Mouse monocytes and macrophages from different origins, such as bone marrow, spleen, thymus and peripheral blood, are capable of differentiating to mature osteoclasts when co-cultured with stromal cells in the presence of 1,25-dihydroxyvitamin D3 (23). The common origin with inflammatory cells might explain why osteoclast-induced bone resorption is triggered by proinflammatory cytokines such as IL-1β, TNF-α, OSM, IL-6, IL-11, and IL-17 (16). The mechanism underlying the action of proinflammatory cytokines in bone loss is quite intricate and involves direct mechanisms through binding of cytokines to cytokine receptors expressed by osteoclast precursors, and indirect mechanisms through production of osteoclastogenic factors by inflammatory and resident cells.

Macrophages and osteoclasts share the same progenitor cells, and differentiation of both cells is affected by a loss-of-function mutation in the macrophage-colony stimulating factor (M-CSF) gene (24). The essential role of M-CSF in osteoclastogenesis is also evidenced in mice lacking its receptor c-FMS, encoded by the Csfr1 gene, which develop severe osteopetrosis (25). The skeletal phenotype caused by deficient M-CSF signaling is due to the essential role of M-CSF on proliferation and survival of osteoclast progenitors (26).
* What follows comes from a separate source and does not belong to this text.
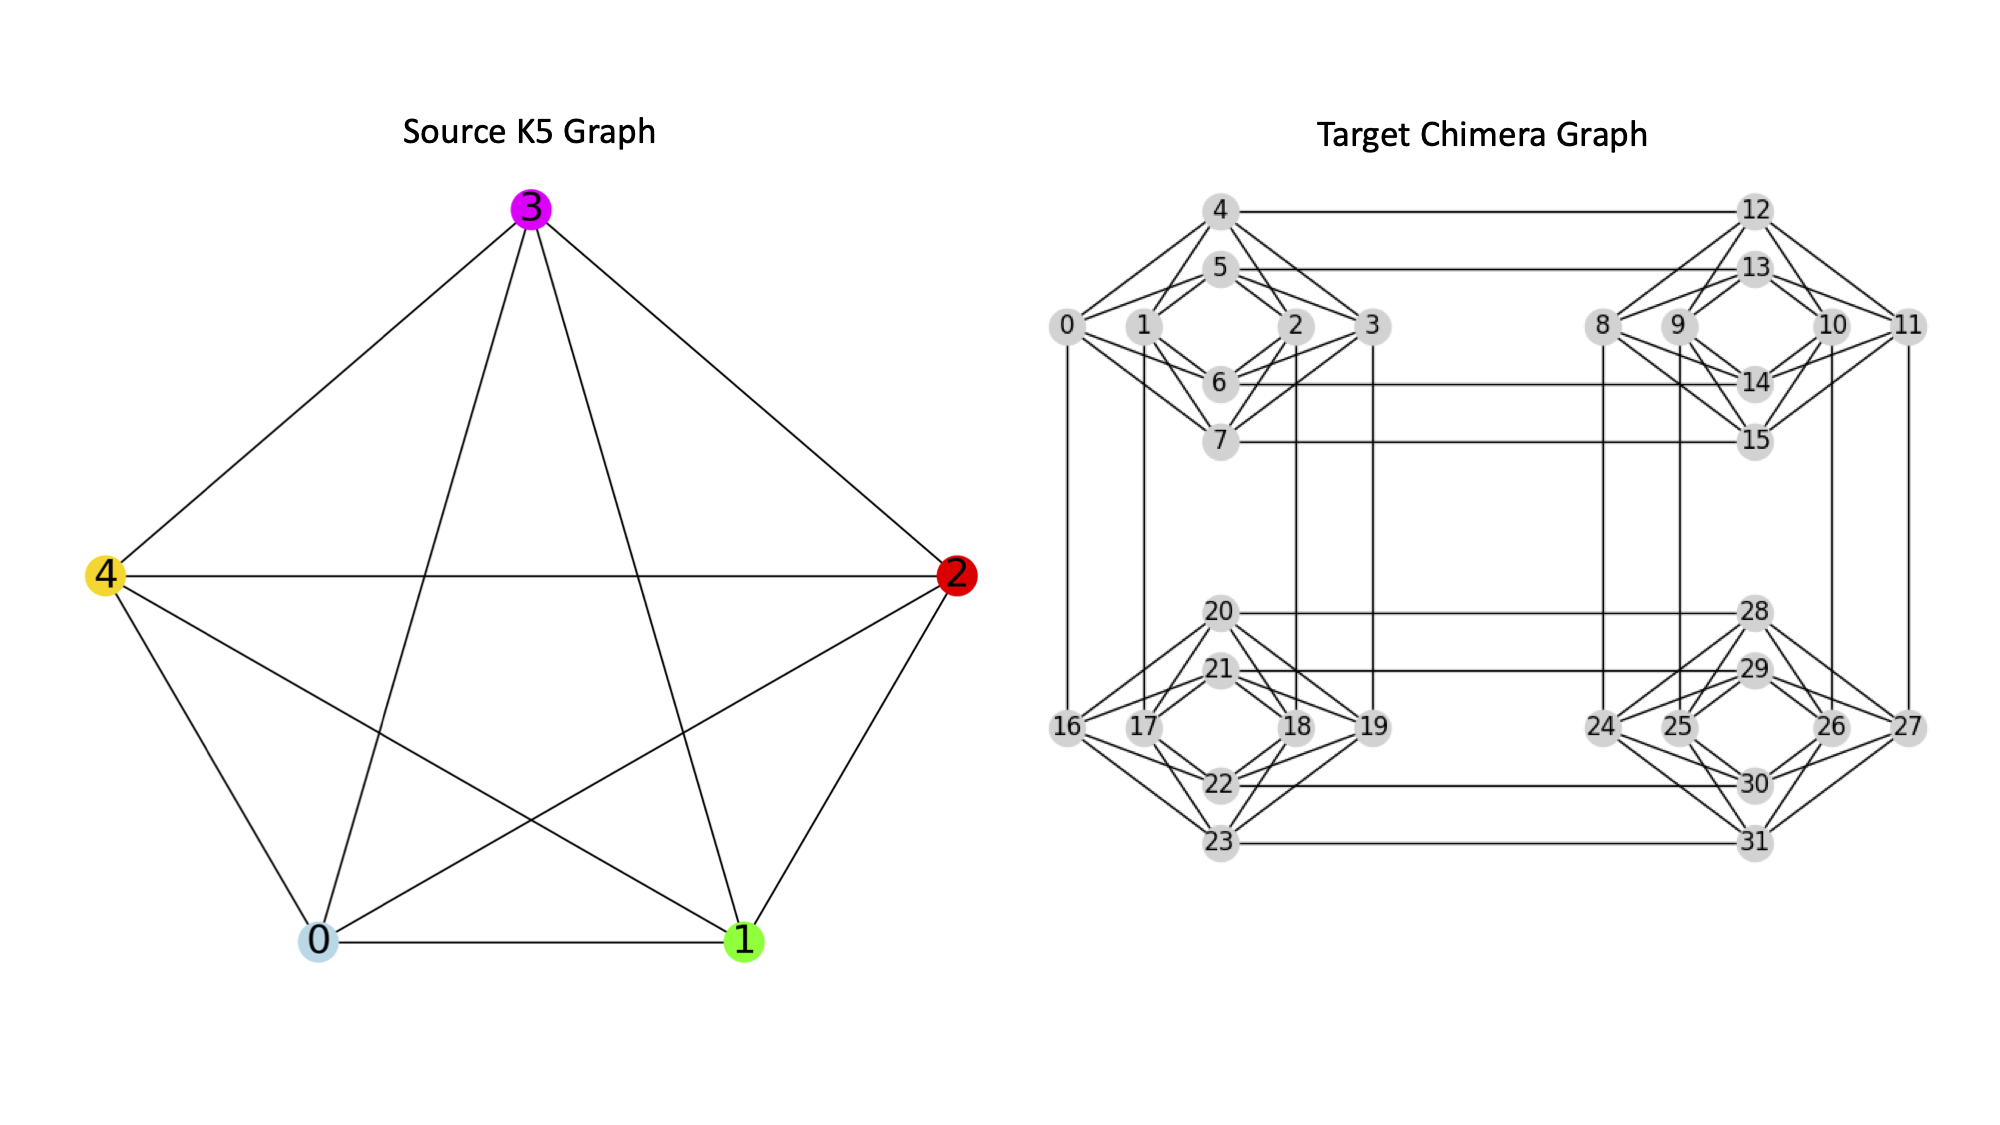 Source K5 graph and target Chimera graph

Among the cytokine receptors affecting osteoclastogenesis, a crucial molecule is the receptor RANK (receptor activator of nuclear factor (NF)-κB) (Figure 1). Mice deficient in Tnfrsf11a (the gene encoding RANK) have impaired osteoclastogenesis and display severe osteopetrosis (27). RANKL (the ligand for RANK), a cytokine belonging to the tumor-necrosis factor (TNF) superfamily, is expressed by resident bone cells such as osteoblasts and osteocytes (16), and also by different T cells (28), again indicating the active influence of the immune system in osteoclastogenesis. Deletion of the Tnfsf11 (the gene encoding RANKL) results in mice phenocopying Tnfrsf11a^−/− mice. Both the formation and activity of mature osteoclasts are stimulated by ligation of RANKL to RANK in vitro (29–31). To counteract RANKL action, a decoy receptor lacking a transmembrane domain, osteoprotegerin (OPG), competes with RANK for RANKL binding and blocks osteoclast differentiation and activation (32, 33).

FIGURE 1

Figure 1. Physiological osteoclast differentiation. Osteoclast progenitors, express c-FMS, the receptor for M-CSF. Upon M-CSF binding to c-Fms, these cells express RANK, which is activated by RANKL expressed by osteoblasts and osteocytes. Binding of RANKL to RANK, in cooperation with the signaling from costimulatory receptors OSCAR/FcRgamma and TREM-2/Dap12, induce differentiation of the progenitor cells to osteoclast precursors, which eventually fuse to latent, multinucleated osteoclasts. Continuous signaling by RANK induces their activation to mature, bone resorbing osteoclasts.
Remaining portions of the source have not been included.